2. Penatalaksanaan keperawatan
Bayi dengan PMH adalah bayi prematur kecil, pada umumnya dengan berat badan
lahir 1000-2000 gram dan masa kehamilan kurang dari 36 minggu. Oleh karena itu,
bayi ini tergolong bayi berisiko tinggi. Apabila menerima bayi baru lahir yang
demikian harus selalu waspada bahaya yang dapat timbul. Masalah yang perlu
diperhatikan ialah bahaya kedinginan (dapat terjadi cold injury), risiko terjadi
gangguan pernapasna, kesukaran dalam pemberian makanan, risiko terjadi infeksi,
kebutuhan rasa aman dan nyaman (kebutuhan psikologik) (Ngastiyah, 2015).

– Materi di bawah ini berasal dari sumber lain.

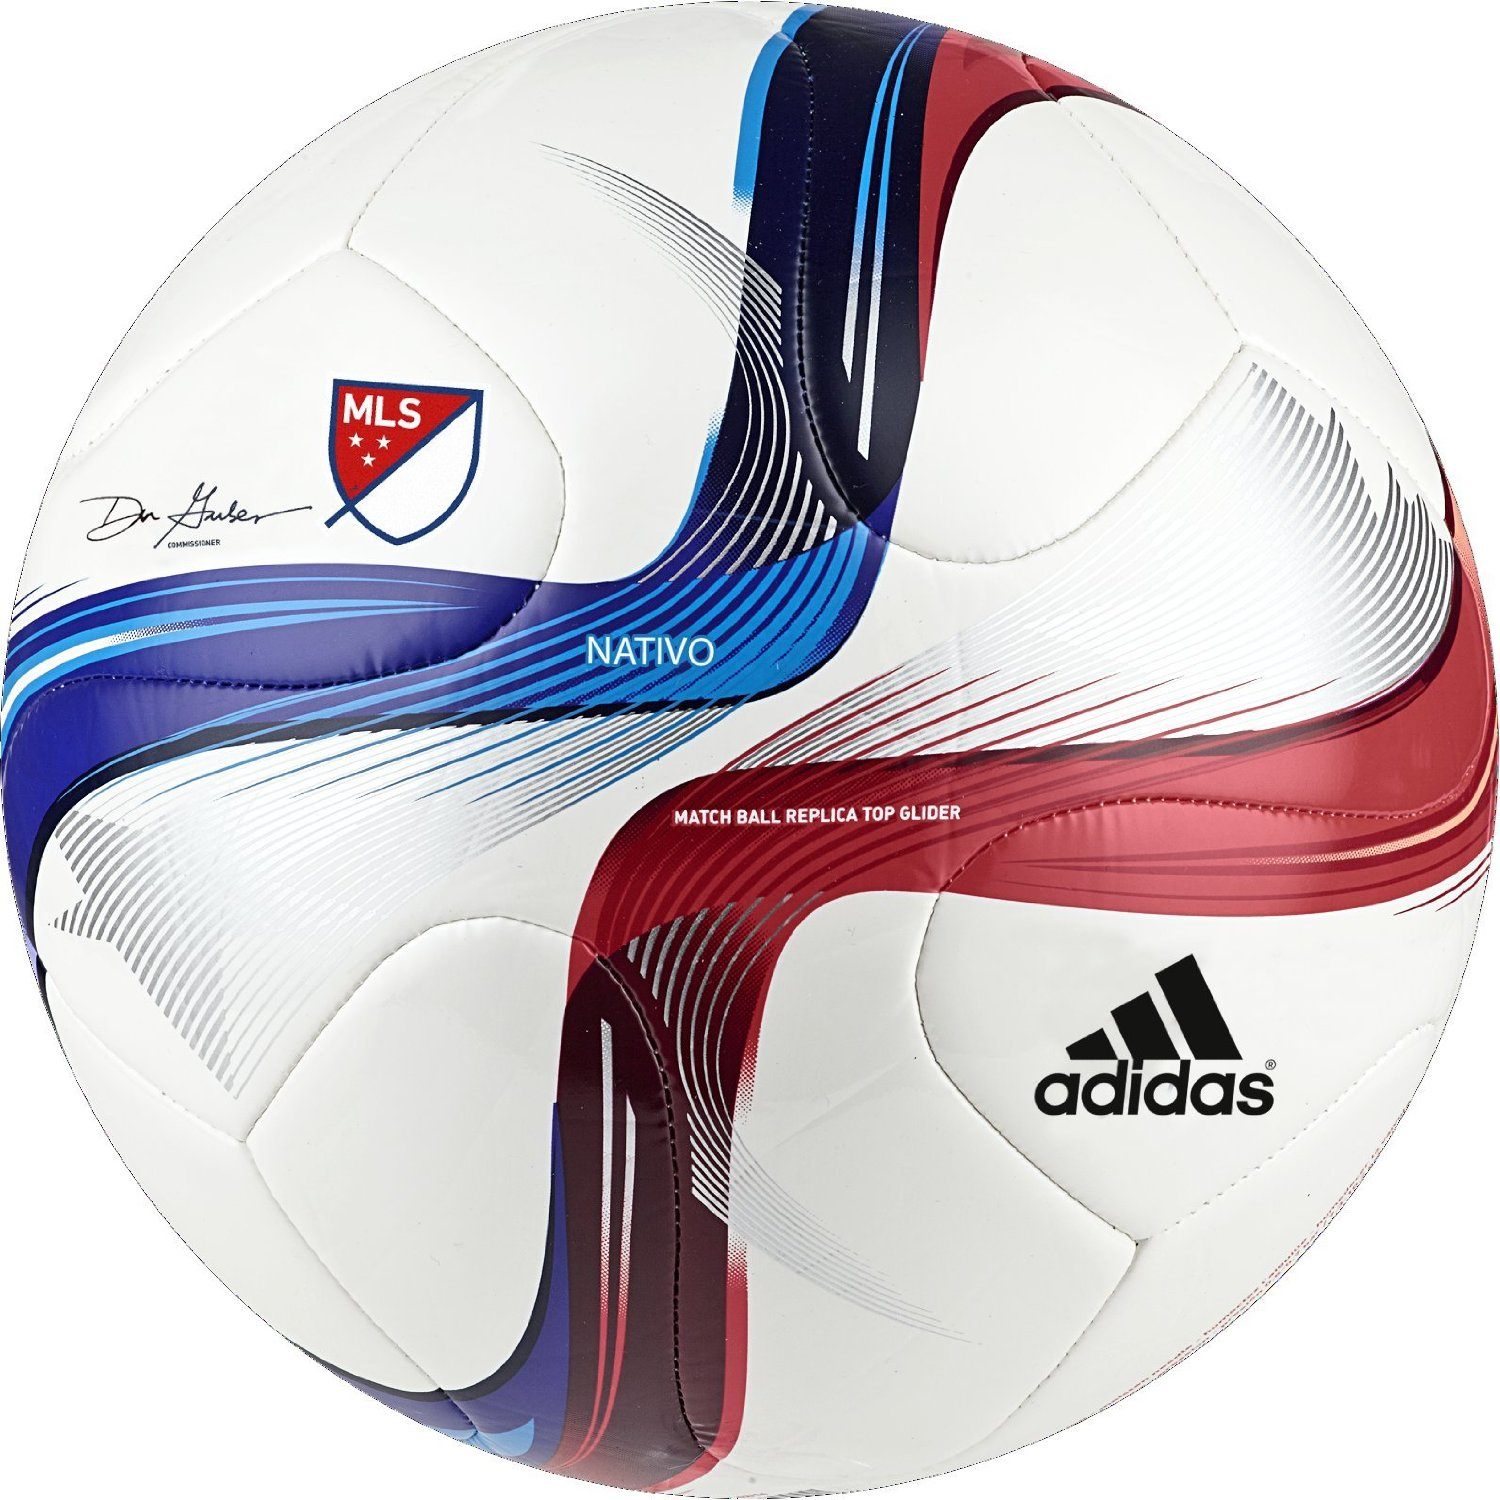 adidas mls top glider soccer ball best soccer ball under $50

3. Penatalaksanaan secara umum (Sudarti dan Endang Khoirunnisa, 2016):


a) Pasang jalur infus intravena, sesuai dengan kondisi bayi, yang paling sering dan
bila bayi tidak dalam keadaan dehidrasi berikan infus dektrosa 5%
b) Pantau selalu tanda vital
c) Jaga kepatenan jalan nafas
d) Berikan Oksigen (2-3 liter/menit dengan kateter nasal). Jika bayi mengalami
apneu
e) Lakukan tindakan resusitasi sesuai tahap yang diperlukan g. Lakukan penilaian
lanjut
f) Segera periksa kadar gula darah
g) Pemberian nutrisi edekuat
h) Setelah manajemen umum segera lakukan manajemen lanjut sesuai dengan
kemungkinan penyebab dan jenis atau derajat gangguan nafas

J. Komplikasi
Komplikasi jangka pendek ( akut ) dapat terjadi 3 hal:
1) Ruptur alveoli
Bila dicurigai terjadi kebocoran udara (pneumothorak, pneumomediastinum,
pneumopericardium, emfisema intersisiel ), pada 19 bayi dengan RDS yang tiba-tiba
memburuk dengan gejala klinis hipotensi, apnea, atau bradikardi atau adanya
asidosis yang menetap
2) Dapat timbul infeksi yang terjadi karena keadaan penderita yang memburuk dan
adanya perubahan jumlah leukosit dan thrombositopeni. Infeksi dapat timbul karena
tindakan invasiv seperti pemasangan jarum vena, kateter, dan alat-alat respirasi
3) Perdarahan intrakranial dan leukomalacia periventrikular
Perdarahan intraventrikuler terjadi pada 20-40% bayi prematur dengan frekuensi
terbanyak pada bayi RDS dengan ventilasi mekanik
4) PDA dengan peningkatan shunting dari kiri ke kanan merupakan komplikasi bayi
dengan RDS terutama pada bayi yang dihentikan terapi surfaktannya. Komplikasi
jangka panjang dapat disebabkan oleh toksisitas oksigen, tekanan yang tinggi dalam
paru, memberatnya penyakit dan kurangnya oksigen yang menuju ke otak dan organ
lain.
Komplikasi jangka panjang yang sering terjadi :
1) Bronchopulmonary Dysplasia (BPD)
Merupakan penyakit paru kronik yang disebabkan pemakaian oksigen pada bayi
dengan masa gestasi 36 minggu. BPD berhubungan dengan tingginya volume dan
tekanan yang digunakan pada waktu menggunakan ventilasi mekanik, adanya
infeksi, inflamasi, dan defisiensi vitamin A. Insiden BPD meningkat dengan
menurunnya masa gestasi.
2) Retinopathy premature
Kegagalan fungsi neurologi, terjadi sekitar 10-70% bayi yang berhubungan dengan
masa gestasi, adanya hipoxia, komplikasi intrakranial, dan adanya infeksi.